# Klein or Greenlee??



## Steve5309 (Oct 31, 2011)

What experiences have you had, and what 3/4" bender do you guys prefer? Klein or Greenlee??


----------



## cdnelectrician (Mar 14, 2008)

Steve5309 said:


> What experiences have you had, and what 3/4" bender do you guys prefer? Klein or Greenlee??


I never liked greenlee benders. Havent used many Klein benders, I much prefer ideal benders over anything else.


----------



## Bulldog1 (Oct 21, 2011)

cdnelectrician said:


> I never liked greenlee benders. Havent used many Klein benders, I much prefer ideal benders over anything else.
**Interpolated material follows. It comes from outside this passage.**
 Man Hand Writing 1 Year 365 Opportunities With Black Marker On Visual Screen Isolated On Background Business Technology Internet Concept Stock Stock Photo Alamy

I have always used Ideal benders. I like them. I read a thread here about some klein benders reference marks being in the wrong place but I think they said it was from orange so?


----------



## Wirenuting (Sep 12, 2010)

I have a Klein, Ideal & a greenlee. 
It don't matter much to me as long as I use the same one all the time. 
They will supply them here for us but I buy my own. You get to know your bender over time.
And your never surprised by a bent shoe. Some people here will bend rebar and turn the bender back in to the tool crib.


----------



## Gaterhater (Nov 15, 2011)

It's not so much the bender that matters, more the craftsman using it. I have had a couple over the years start kinking pipe but thats just from the abuse of daily usage


----------



## varmit (Apr 19, 2009)

Ideal malleable iron benders are my favorite. Correct, for you, handle length is important also. I never use the "store bought" handles.


----------



## Frasbee (Apr 7, 2008)

varmit said:


> Ideal malleable iron benders are my favorite. Correct, for you, handle length is important also. I never use the "store bought" handles.
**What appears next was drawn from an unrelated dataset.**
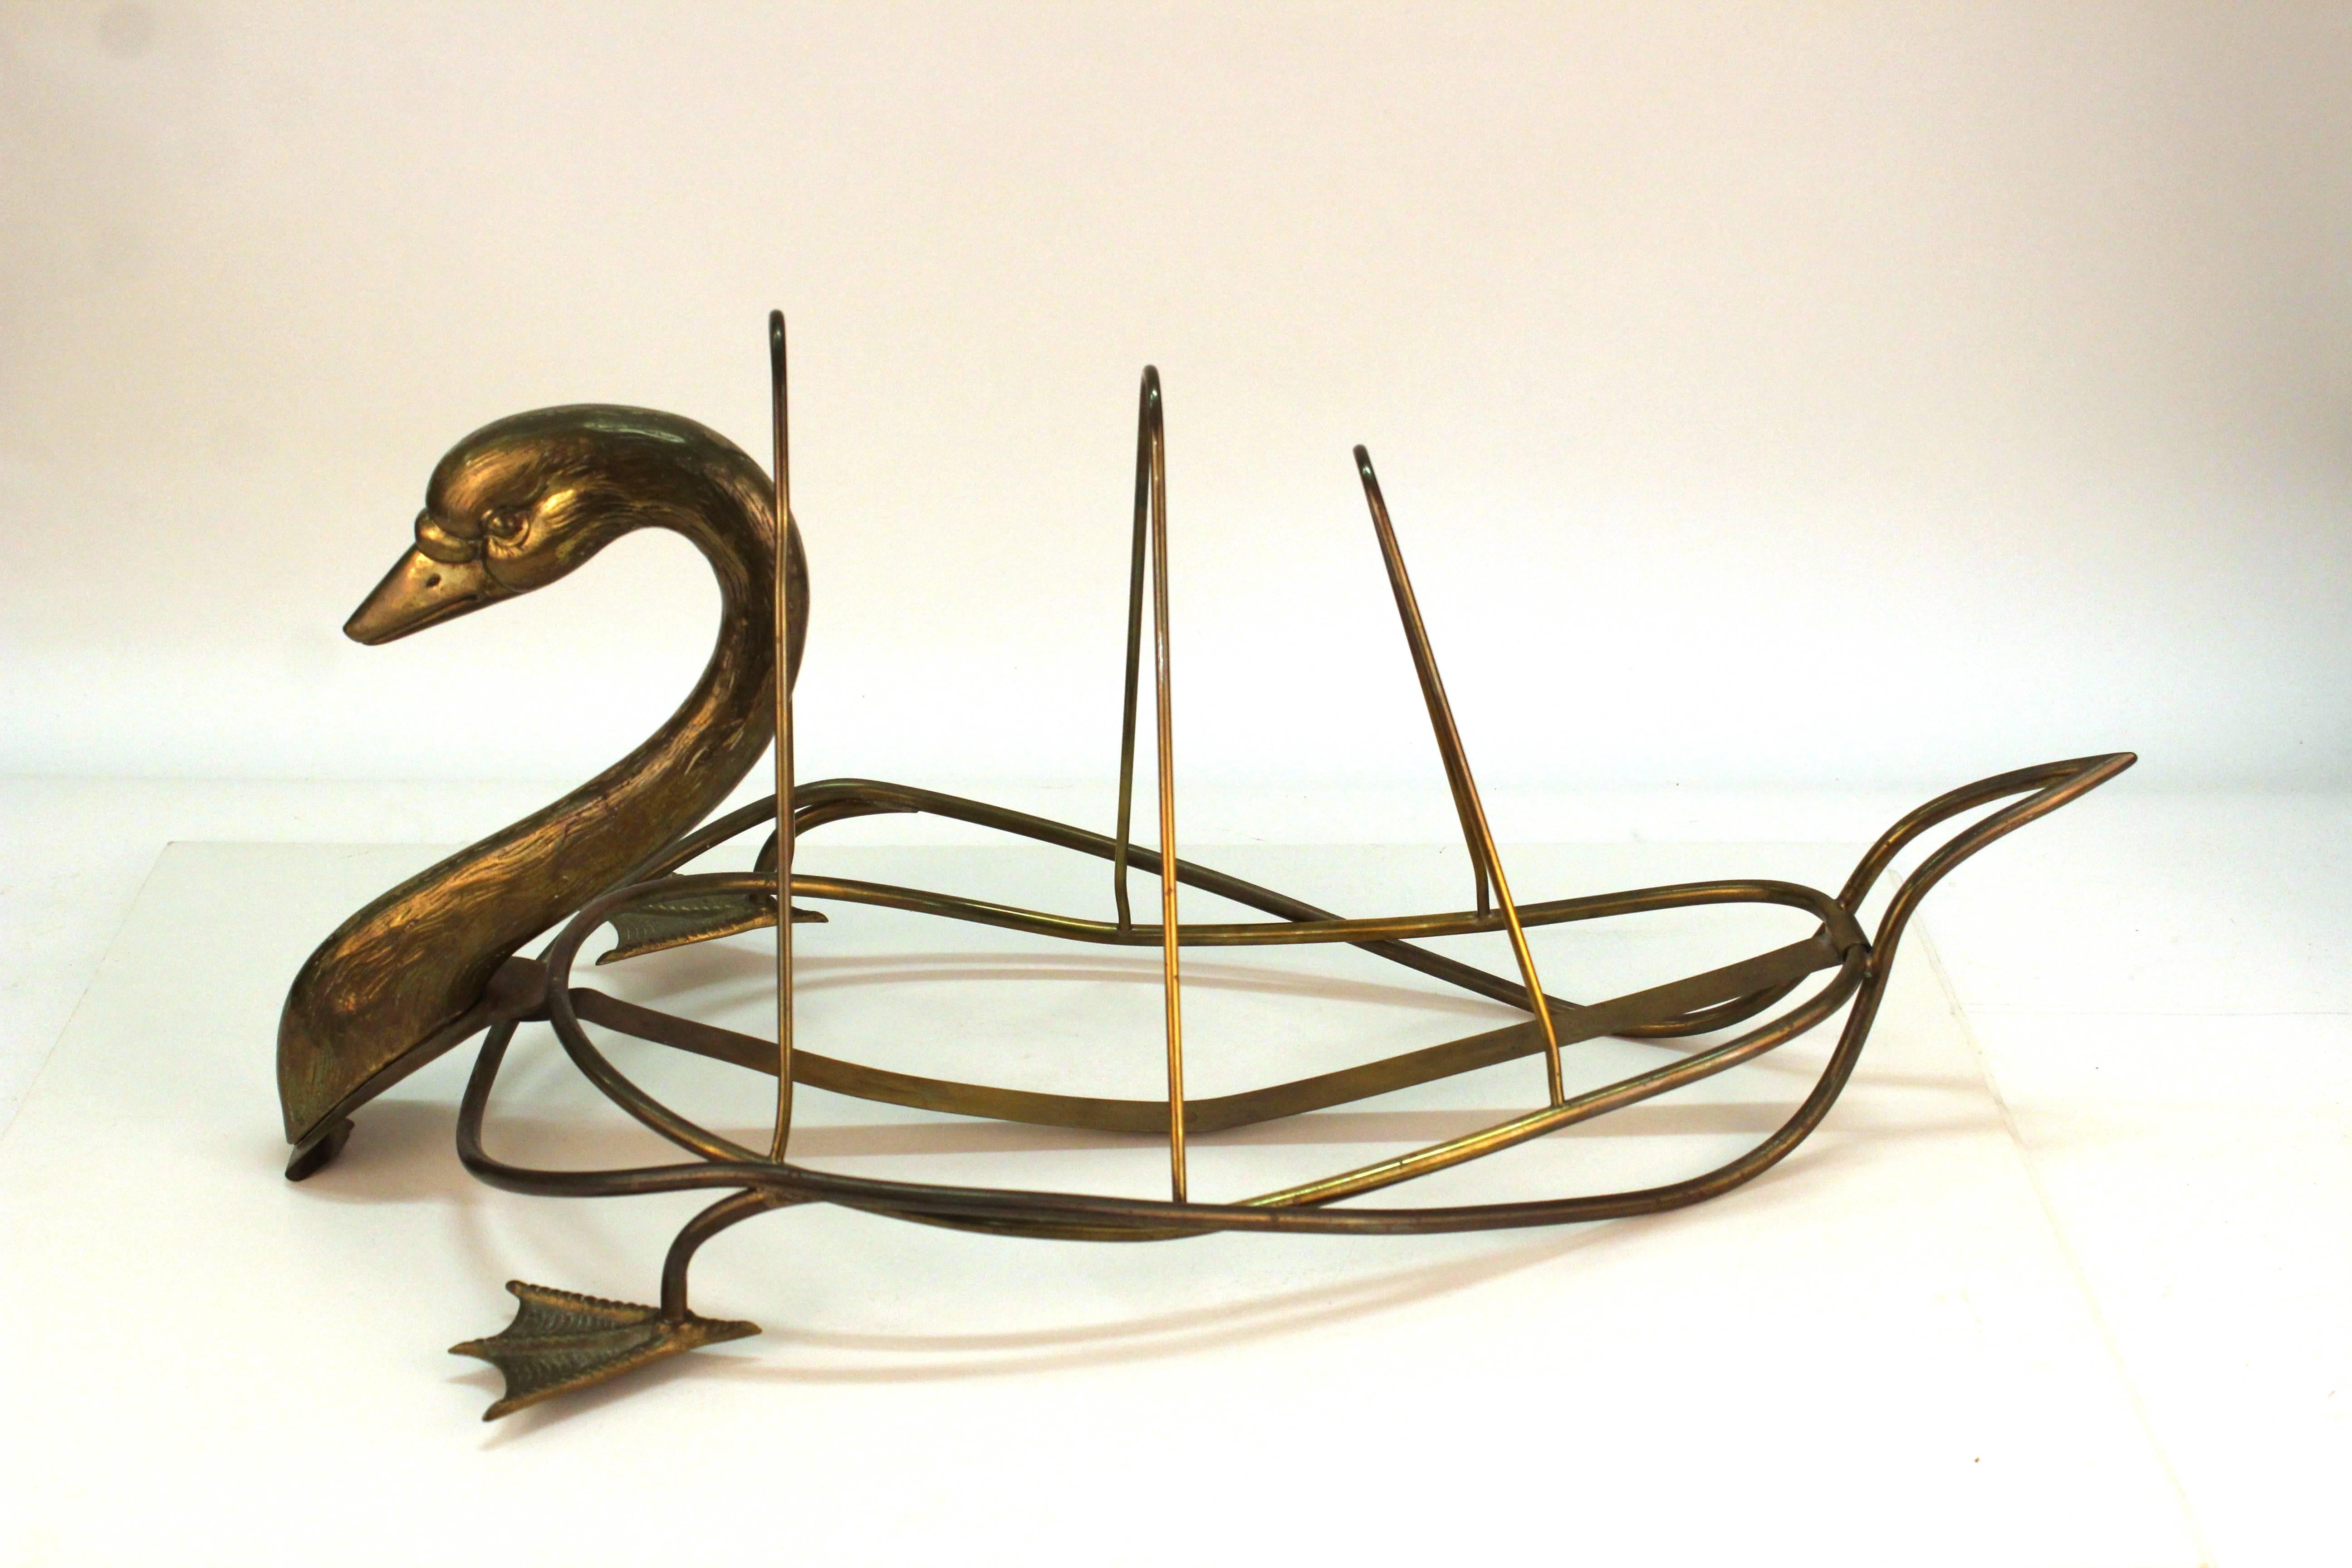 A brass newspaper holder in the shape of a swan by Maison Jansen. Includes life-like head and feet. Three divisions suggest the body of the swan. Despite some wear appropriate to age and use the stand is in good condition.

If you're talking about the heavier dark grey shoe, I agree with you.


----------



## MattMc (May 30, 2011)

I don't personally care too much what brand bender I use, I have mostly used ideal over the years. But I adapt to whatever brand I have to use. It helps to know your bender, but Any of the major brands will do.


----------



## bduerler (Oct 2, 2009)

Ideal


----------



## Blackout (Dec 16, 2011)

Ideal. The way every job should be.


----------



## Sparky208 (Feb 25, 2011)

I have all ideal.


----------



## Ampere (Jul 16, 2010)

I use Gardner Bender with the aluminum shoe with the built in levels for 45º and 90º


----------



## freeagnt54 (Aug 6, 2008)

I bought the klein orange handle, but after reading some bad comments about it on here I returned it and picked up the ideal.


----------



## frenchelectrican (Mar 15, 2007)

I have Ideal benders however only one modifcation I did make is the handle I used differnt pipe I used the stainless steel pipe and threaded BOTH end so I have 1/2 and 3/4 inch verison on both end so I don't have to carry both handle and it work alot quicker for me when I deal with multi conduit size.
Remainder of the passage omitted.